_WORK TASK_
Please give back, exactly as written, the lines from the line with "La administración Trump" to the line with "Conferência de imprensa." in the listing below, leaving out all pictures.

(ENTRIES SHOWN Opens)

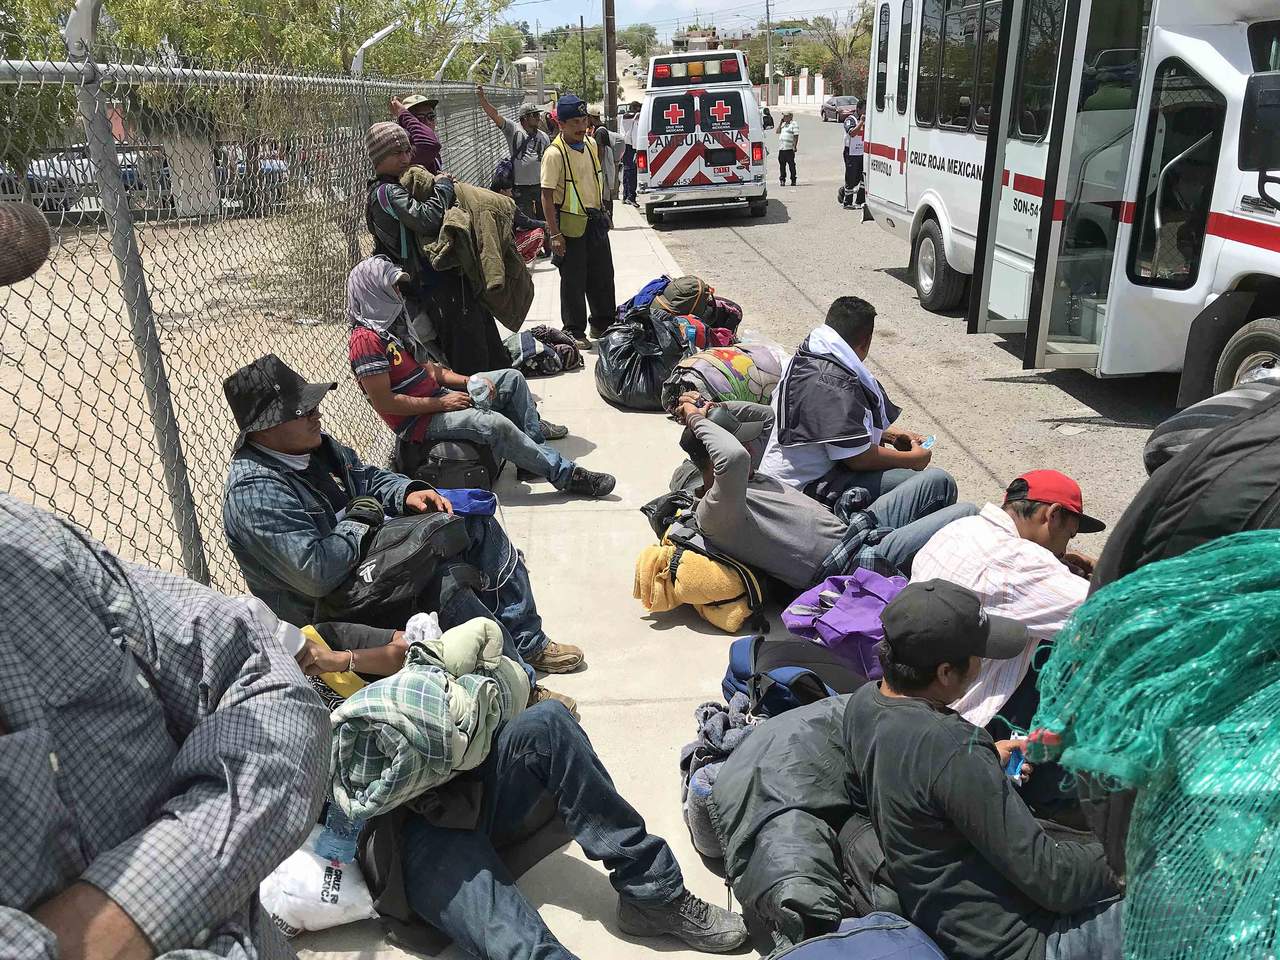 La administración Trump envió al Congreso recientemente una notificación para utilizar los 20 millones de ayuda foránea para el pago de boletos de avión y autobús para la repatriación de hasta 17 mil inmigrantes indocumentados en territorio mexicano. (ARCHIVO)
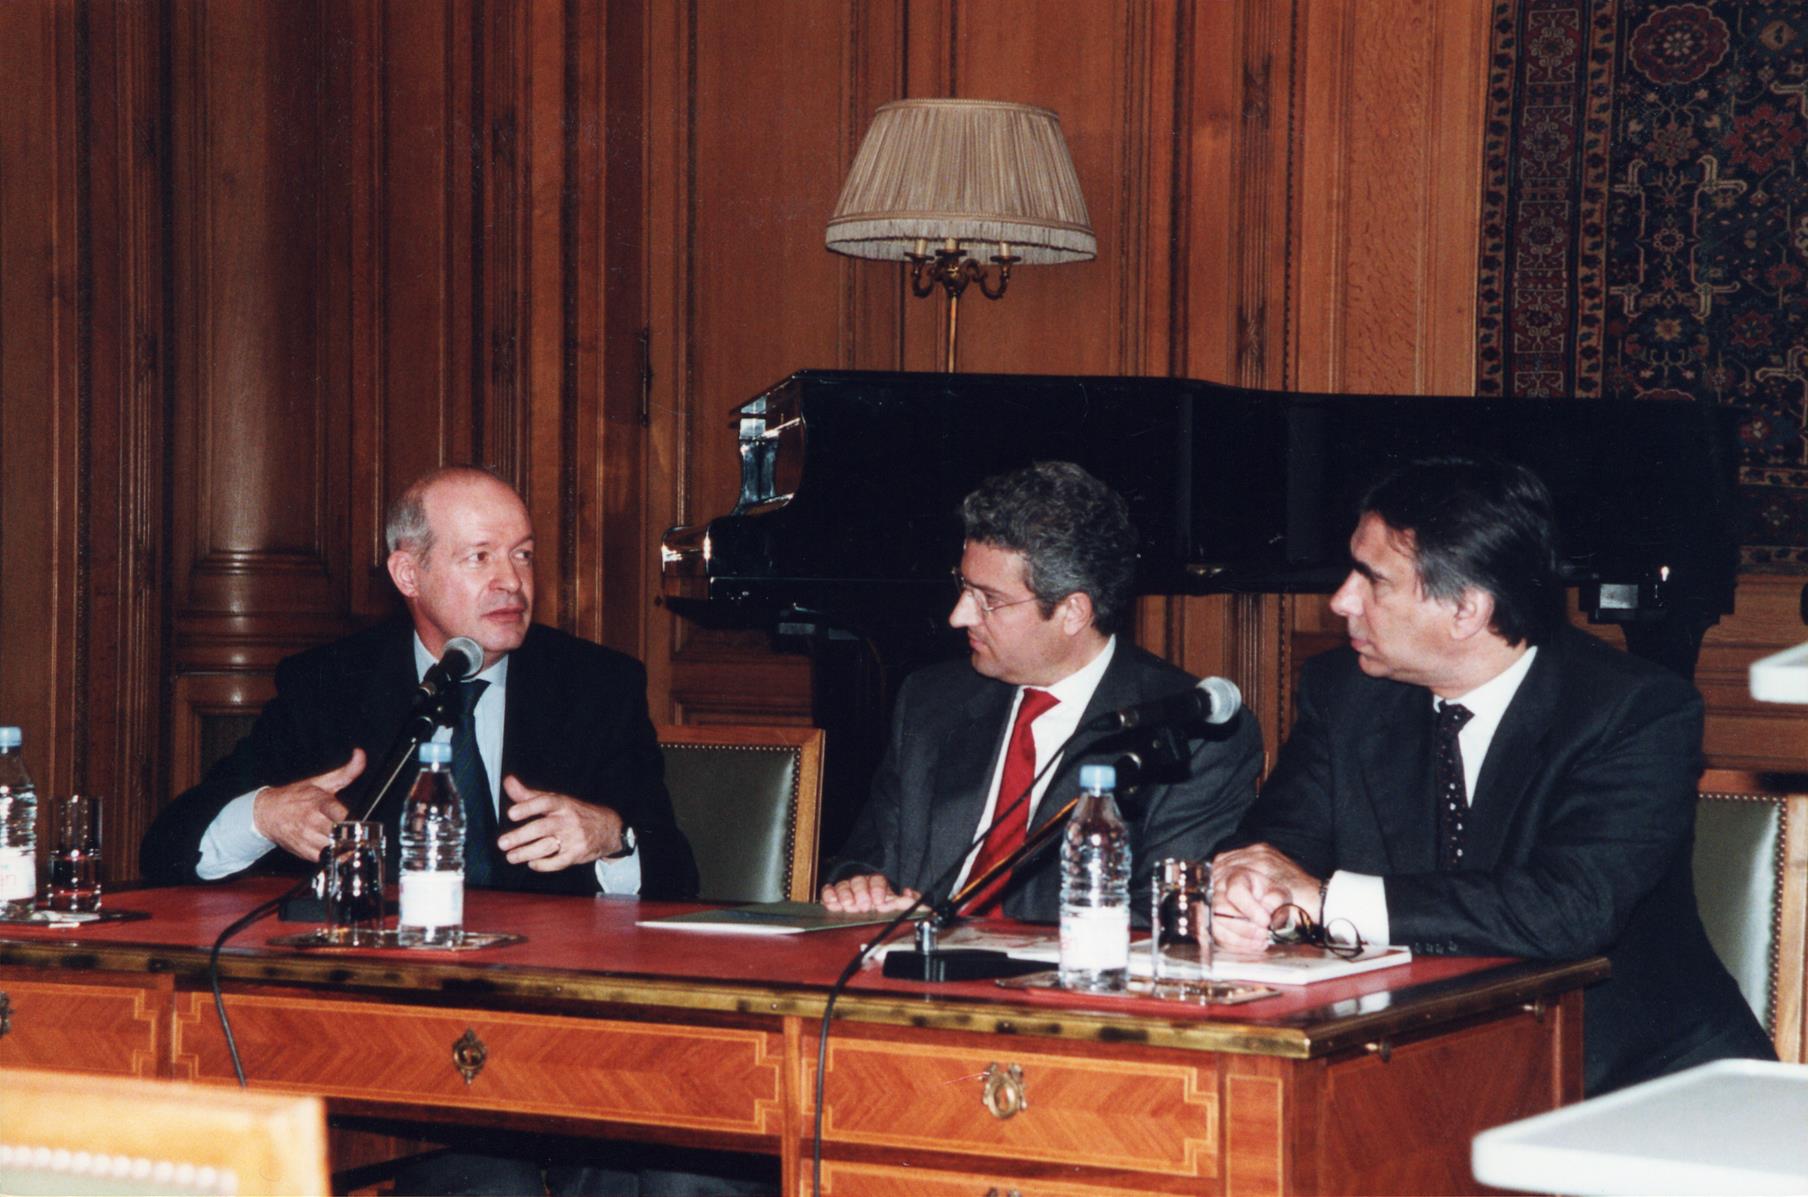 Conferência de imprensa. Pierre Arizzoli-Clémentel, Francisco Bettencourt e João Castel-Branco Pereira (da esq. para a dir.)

(ENTRIES SHOWN Closes)
(ENTRIES SHOWN Opens)

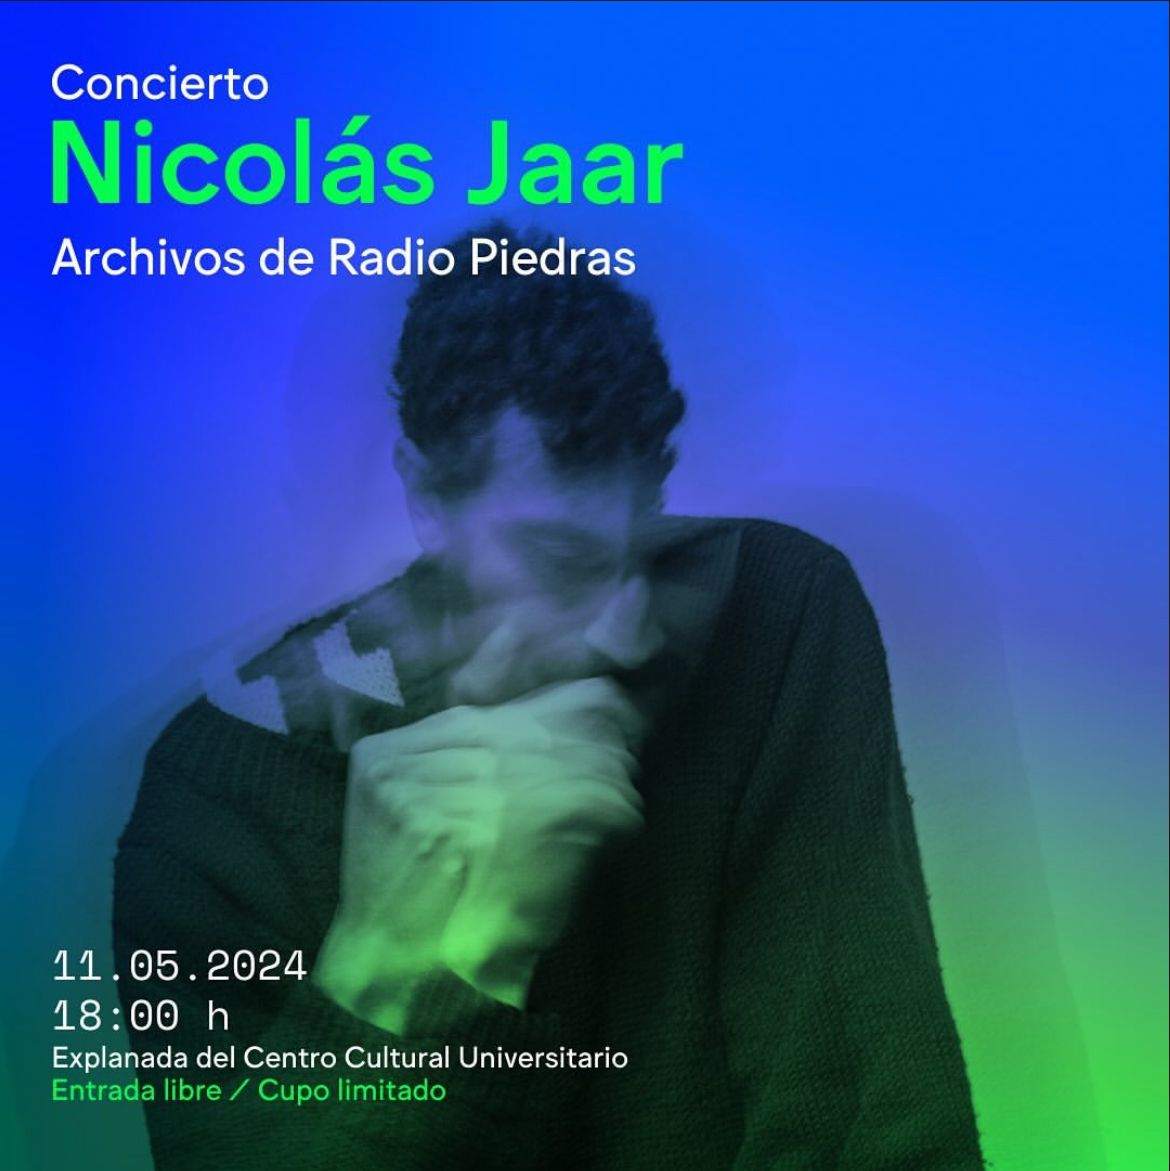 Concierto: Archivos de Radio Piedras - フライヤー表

(ENTRIES SHOWN Closes)
(ENTRIES SHOWN Opens)

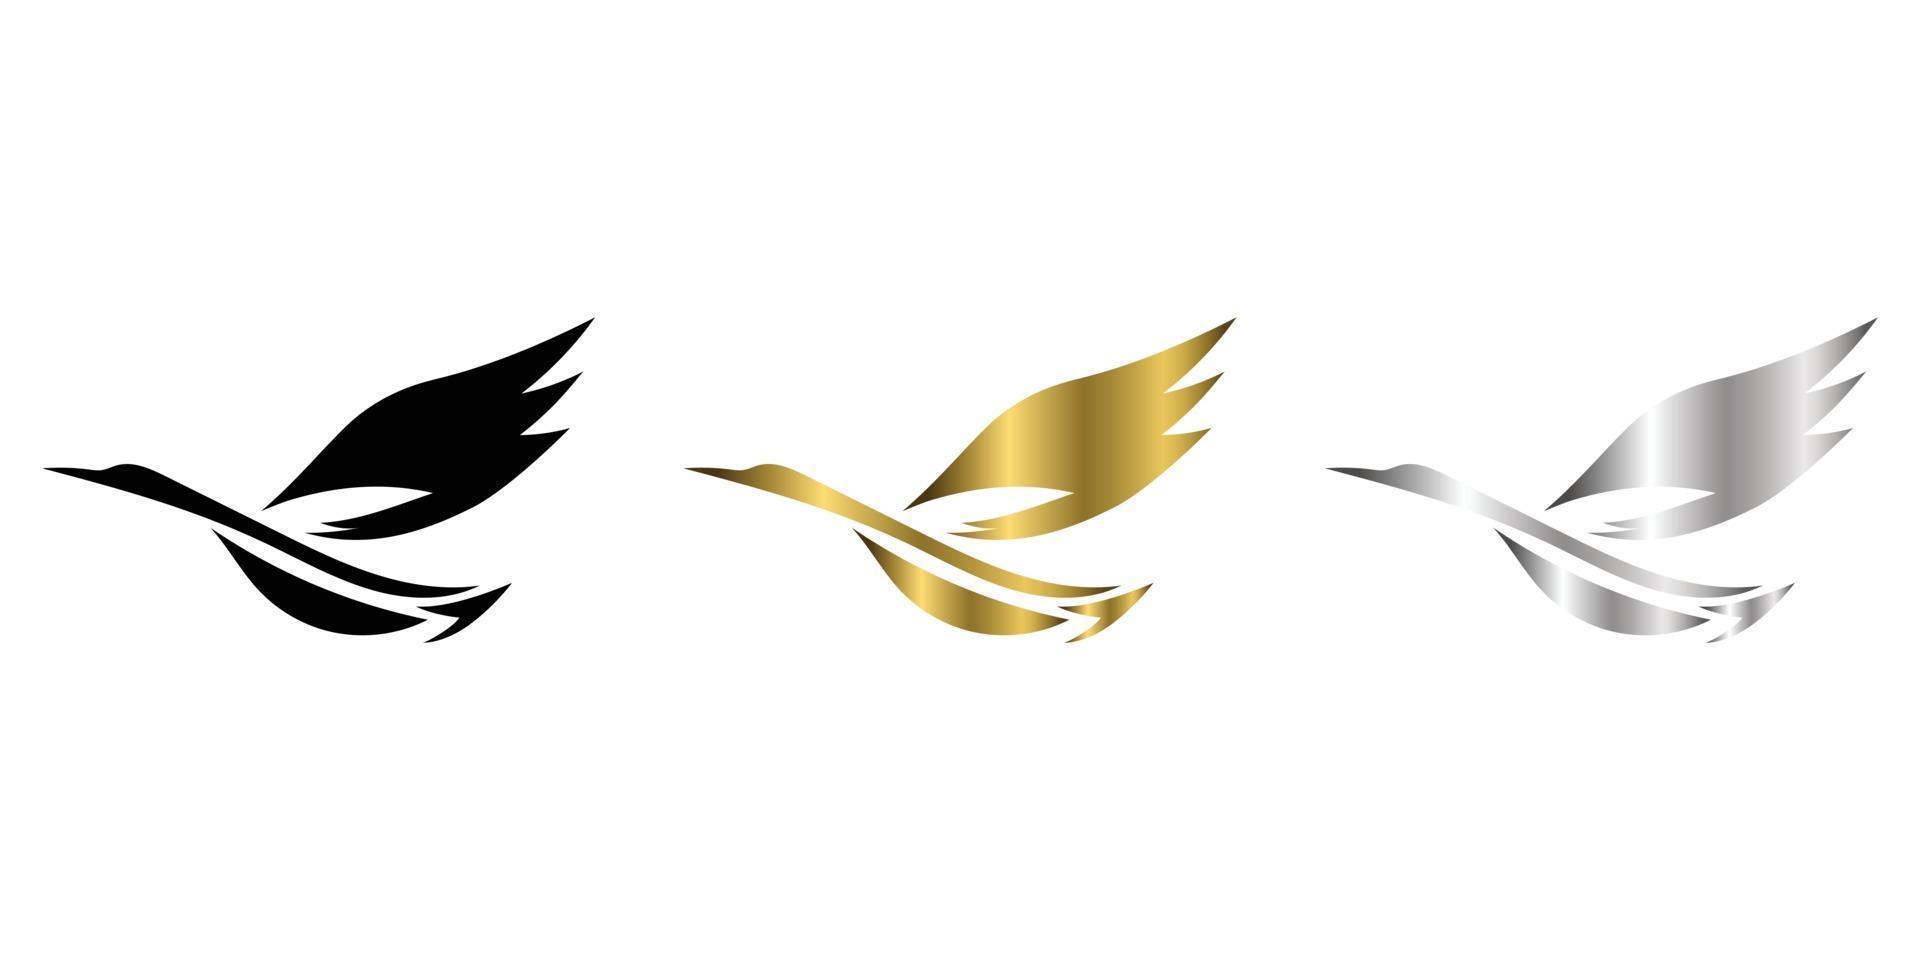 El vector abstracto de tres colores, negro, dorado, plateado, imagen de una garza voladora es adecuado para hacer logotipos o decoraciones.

(ENTRIES SHOWN Closes)

_EXERCISE OUTPUT_
 La administración Trump envió al Congreso recientemente una notificación para utilizar los 20 millones de ayuda foránea para el pago de boletos de avión y autobús para la repatriación de hasta 17 mil inmigrantes indocumentados en territorio mexicano. (ARCHIVO)
 Conferência de imprensa. Pierre Arizzoli-Clémentel, Francisco Bettencourt e João Castel-Branco Pereira (da esq. para a dir.)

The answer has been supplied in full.